Sobre San José Cocinero

Imagen de San José en el Belén gigante de Alicante.

Después de Nochebuena y Navidad que, además de su significado religioso, se festejaban como las dos citas gastronómicas más importantes del año, en las cocinas de gran parte del orbe católico se preparaba con especial esmero el menú del almuerzo del día de San José. A dos fechas de la entrada oficial de la primavera, el 19 de marzo estaba alegremente marcado en rojo en el calendario y, al menos en España, las autoridades le habían otorgado el carácter de fiesta nacional, es decir, de jornada no laborable.

Por razones que desconozco (los rituales se aceptan sin hacer preguntas) la conmemoración solía ir acompañada del estreno de un traje de los llamados “de domingo”, y de la reapertura de las heladerías. Que las había de dos clases, la más modesta, de unos carritos empujados a mano por el industrial propietario; y las más elegantes, de las familias valencianas o italianas que podían pagarse una sede fija mientras duraba la invernada, que en el norte del país iba del final de septiembre al final de marzo.

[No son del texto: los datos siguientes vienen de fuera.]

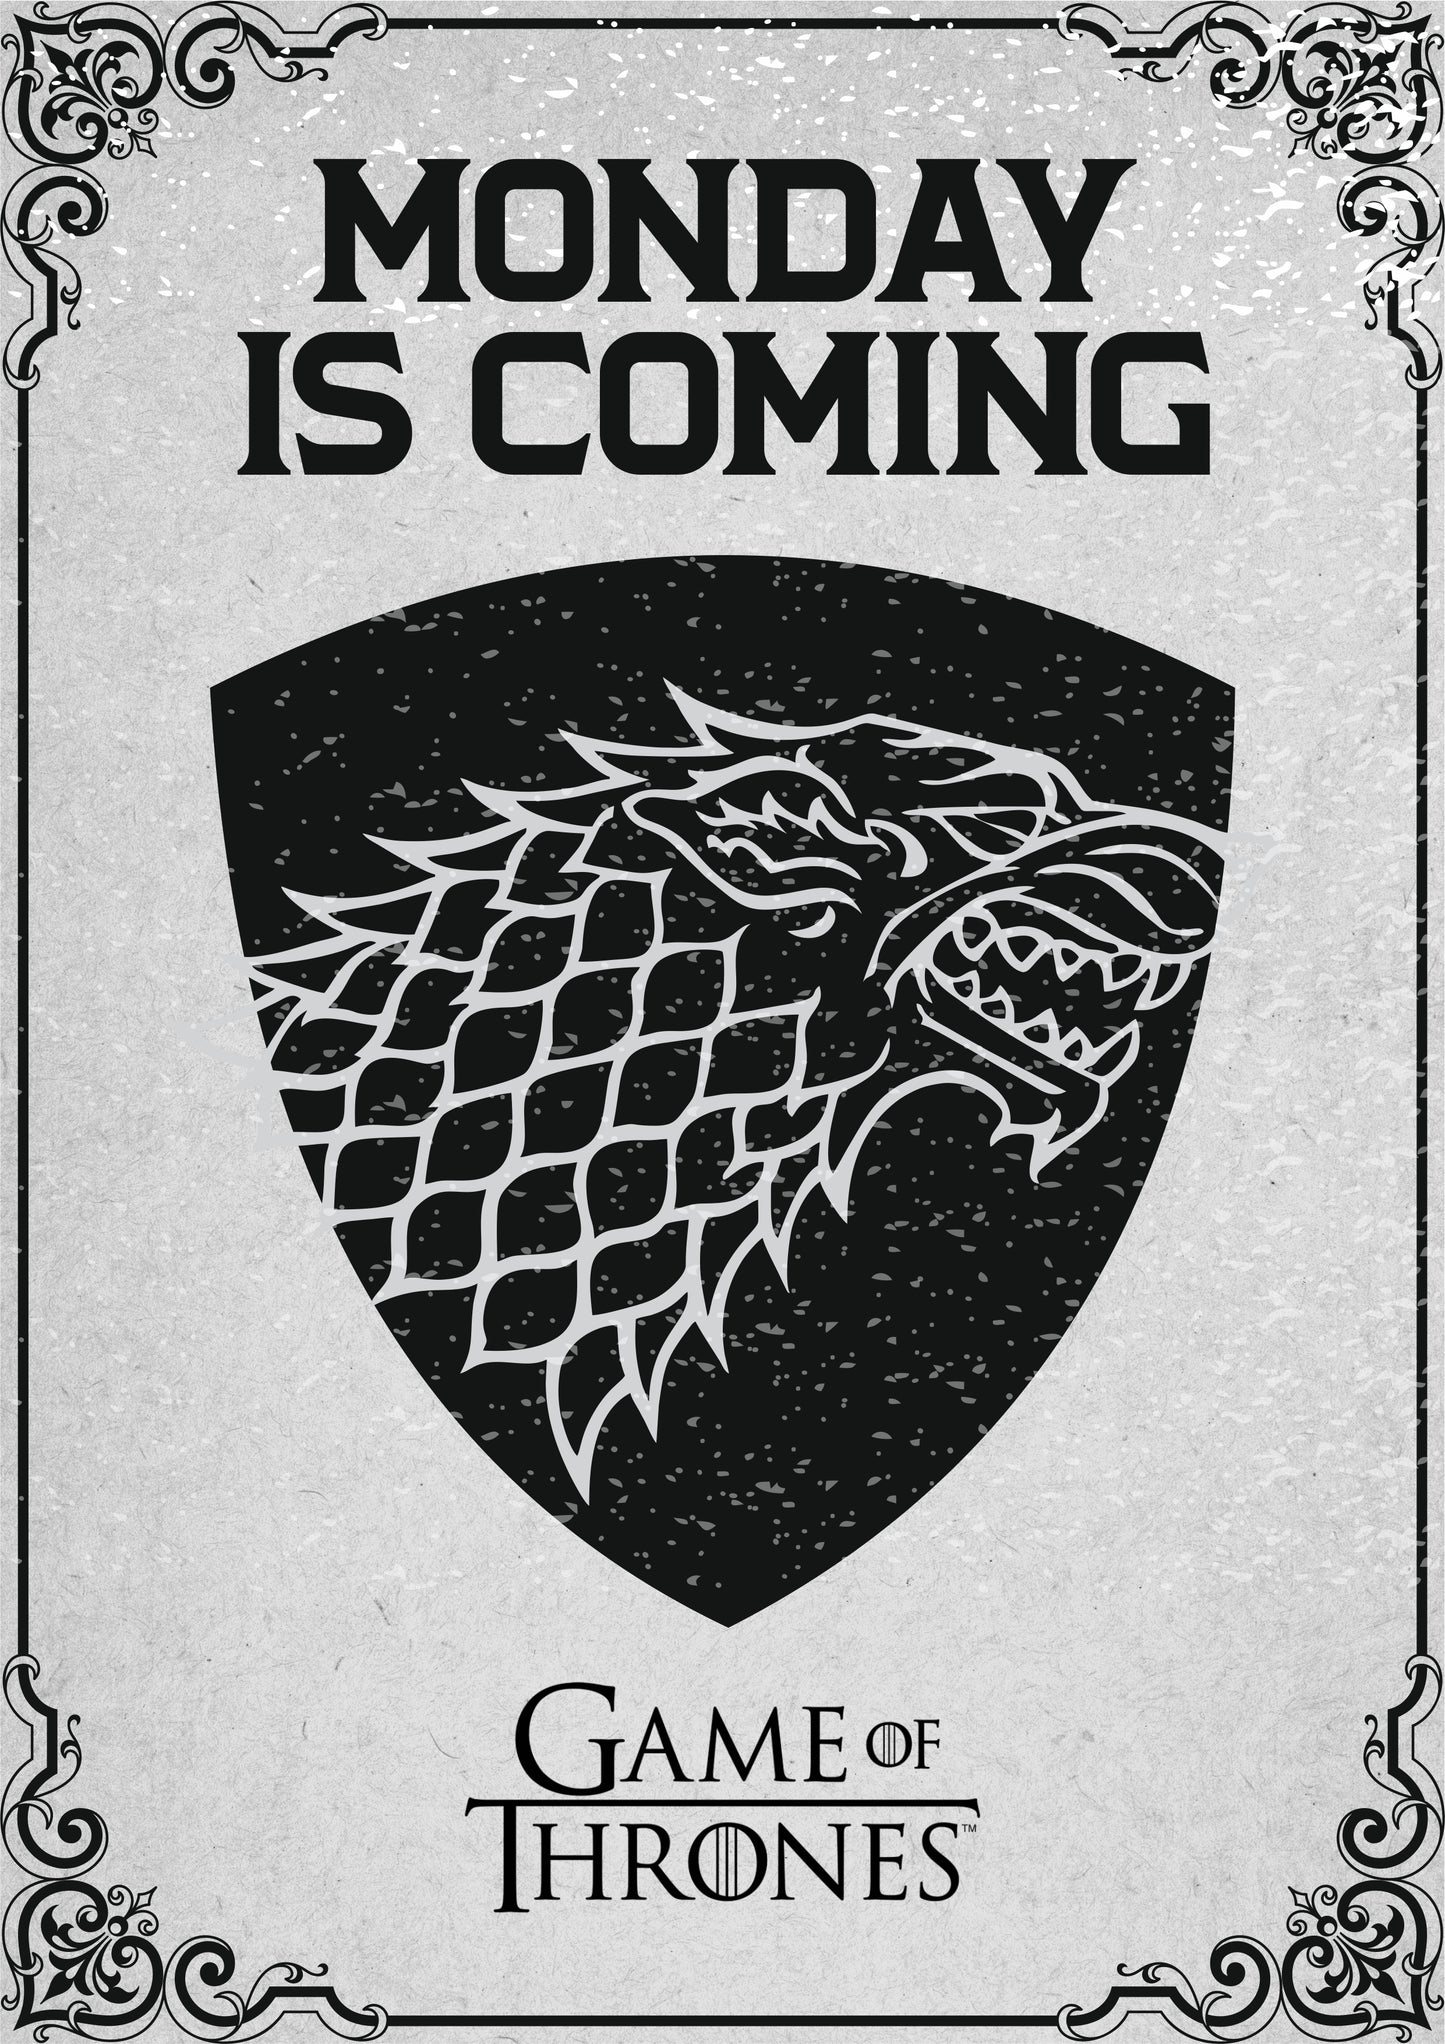 Game of Thrones- Monday is Coming

Una eternidad para los que gustábamos de enfriar la lengua con los sabores de nuestra preferencia. Y en esa elección tampoco había mucha variedad porque la oferta solía ir del mantecado al chocolate, o la fresa, y, más raro, al tuttifrutti. Nada que ver con el listado de sabores de todas las clases, incluidos el gin-tonic y la fabada, de que gozamos en la actualidad.

Pero el atractivo principal de la jornada era el almuerzo de mediodía en el que se hacía llegar a la mesa (incluso a la más modesta), un repertorio de exquisiteces no habituales en la manutención diaria. “¡Vaya si os habéis estirado!”, le oí decir a mi abuelo mientras chascaba una cigala. En aquellos años difíciles de la dictadura “estirarse”, en lo que fuere, tenía un mérito extraordinario porque la mayor parte del país andaba encogido.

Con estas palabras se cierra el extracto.